俺は妹の代わりに森へ生贄としてやってきたから、挨拶など当然していないし、突然消えたようなものだ。
そんな俺が今こうして普通にしているのがよっぽど不思議だったのだろう。
動揺しているアンテを落ち着かせようと俺が口を開きかけたところで、ガサリという草を分ける音とともに優しく名前を呼ばれた。

「ああ、ユーリ」
「どうした?…誰?」
「村に居たころの友人、アンテだよ」

ユーリは少し眉根を寄せて、不機嫌そうに俺とアンテを交互に見やる。
俺に抱きついているアンテに嫉妬してくれているのだろうか。可愛いな。
俺はアンテをやんわりと引き離して、ニコリと笑いながらユーリへ近づく。

「妬いたの?」
「…意地悪な質問をするね、エーリク。当然だろ」
「ははっ、ごめんな」

ぷく、と頬を膨らませて拗ねるユーリに噴き出して俺はついその頭を撫でた。

「エーリク…?」
「あ、アンテ、こいつは…」
「あ…悪魔っ…!」

アンテは突然叫びだした。顔は先ほどより真っ青で、歯がガチガチと音を立てている。
俺はそんなアンテにニコ、と笑いかけて歩み寄る。

「そう、悪魔だけど、悪い奴じゃないんだ」
「エーリク…?何を言っているんだ…?」
「村を襲ったりしないって、約束してくれているし。俺が今こうして無事でいられるのもこのユーリのおかげなんだよ」

ガタガタと震えているアンテに諭すように話す。
確かにユーリは背中に真っ黒な羽が生えているし、村に生贄を要求した悪魔だけれど本当に悪い奴じゃない。
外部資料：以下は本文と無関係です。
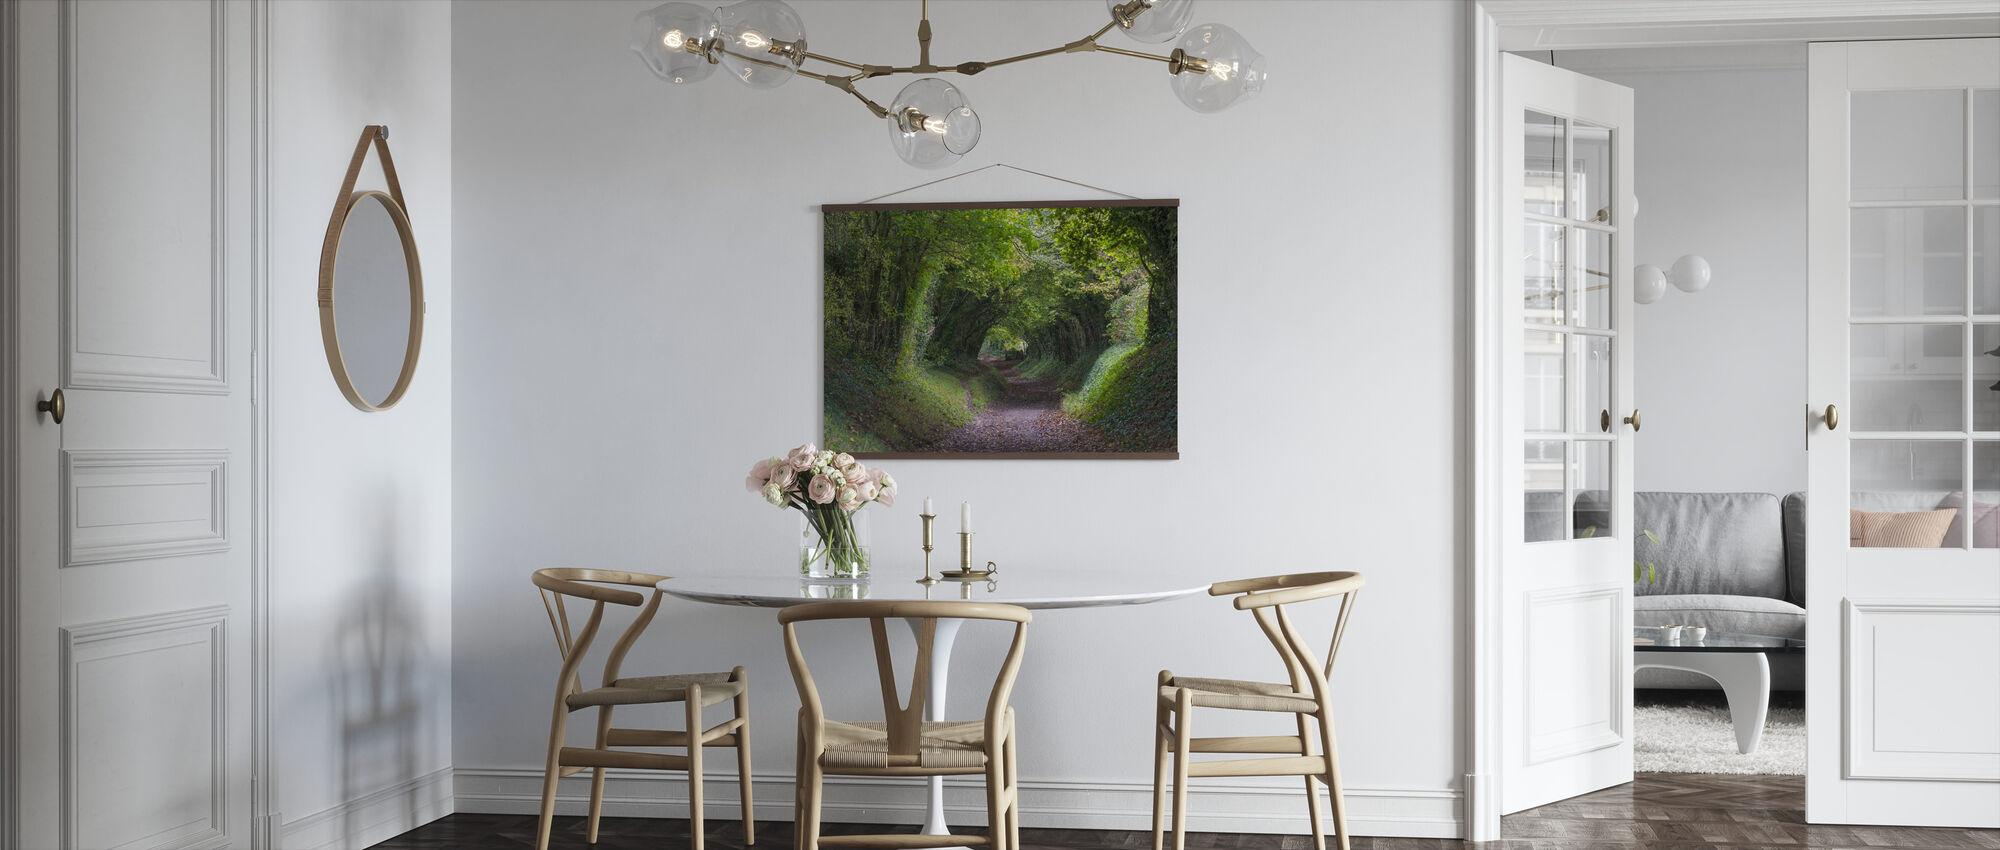 Tunnel av träd - Poster - Kök
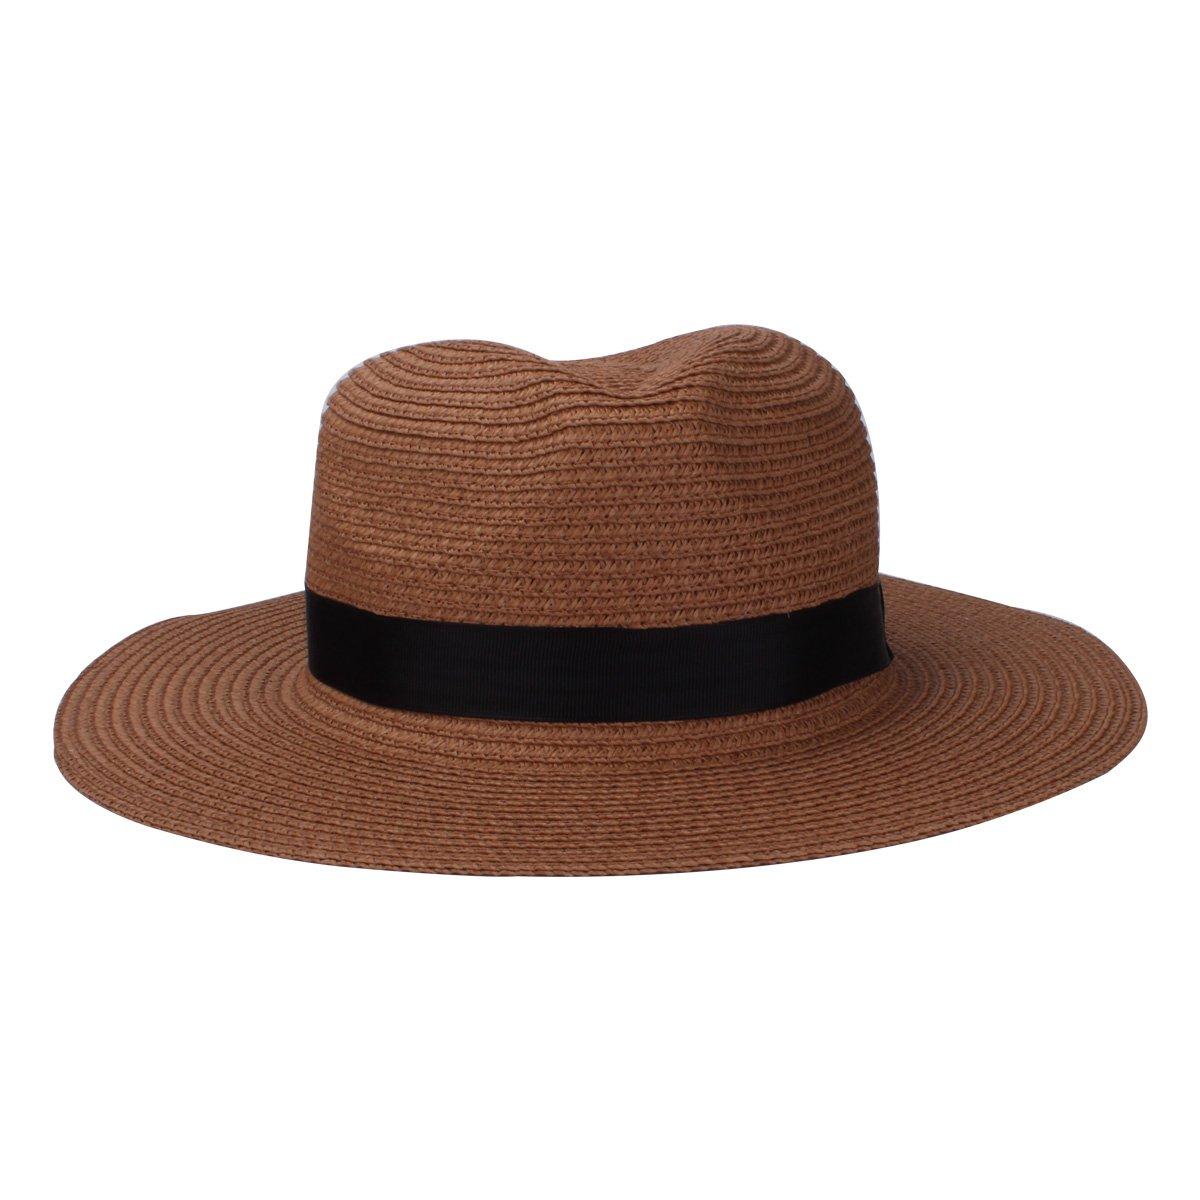 bca8529cd0ad6 YOPINDO Sombrero de paja estilo Fedora de Panamá Sombrero de ala de ala  ancha plegable unisex

「なぁ、だから村の人たちに伝えてくれよ。安心して暮らしていいって」
「エ…エーリクは…」
「俺は、ユーリとここでずっと暮らすよ。それが約束だし、俺はユーリと一緒にいたいから…」

俺がそう言ってもう一度笑うと、アンテはユーリを怪訝な目つきで見つめながらも、幸せに名、と一言残して帰って行った。


「エーリク…」
「あいつこんな森に何しに来たんだろうなー…」
「エーリク…」
「ん、どうした?ユー…っ」

繰り返し名前を呼ぶユーリを振り返ると同時にぎゅ、と抱きしめられた。

「え、ユーリ?」
「ありがとう…」
「へ?」
「一緒にいたいって…嬉しかったから」

言いながらユーリは俺の背中に回す腕にぎゅうぎゅうと力を込める。
俺もユーリの背中に同じように手を回して抱きしめ返す。

「何言ってんだよ。俺こそ、傍に置いてくれてありがとう」






あれから数日後、俺達はまた森に出かけていた。
摘んだ苺で作ったケーキやジャムが思いのほか美味しくて、また採りに行こうということになったのだ。
あまり採りすぎては来年食べられなくなってしまうから、今回は少しだけ、と言いながら。
実は、家でまったりとする時間も愛しいが、こうして二人で出かけるということがなんだかいつもと違ってわくわくするからだったりする。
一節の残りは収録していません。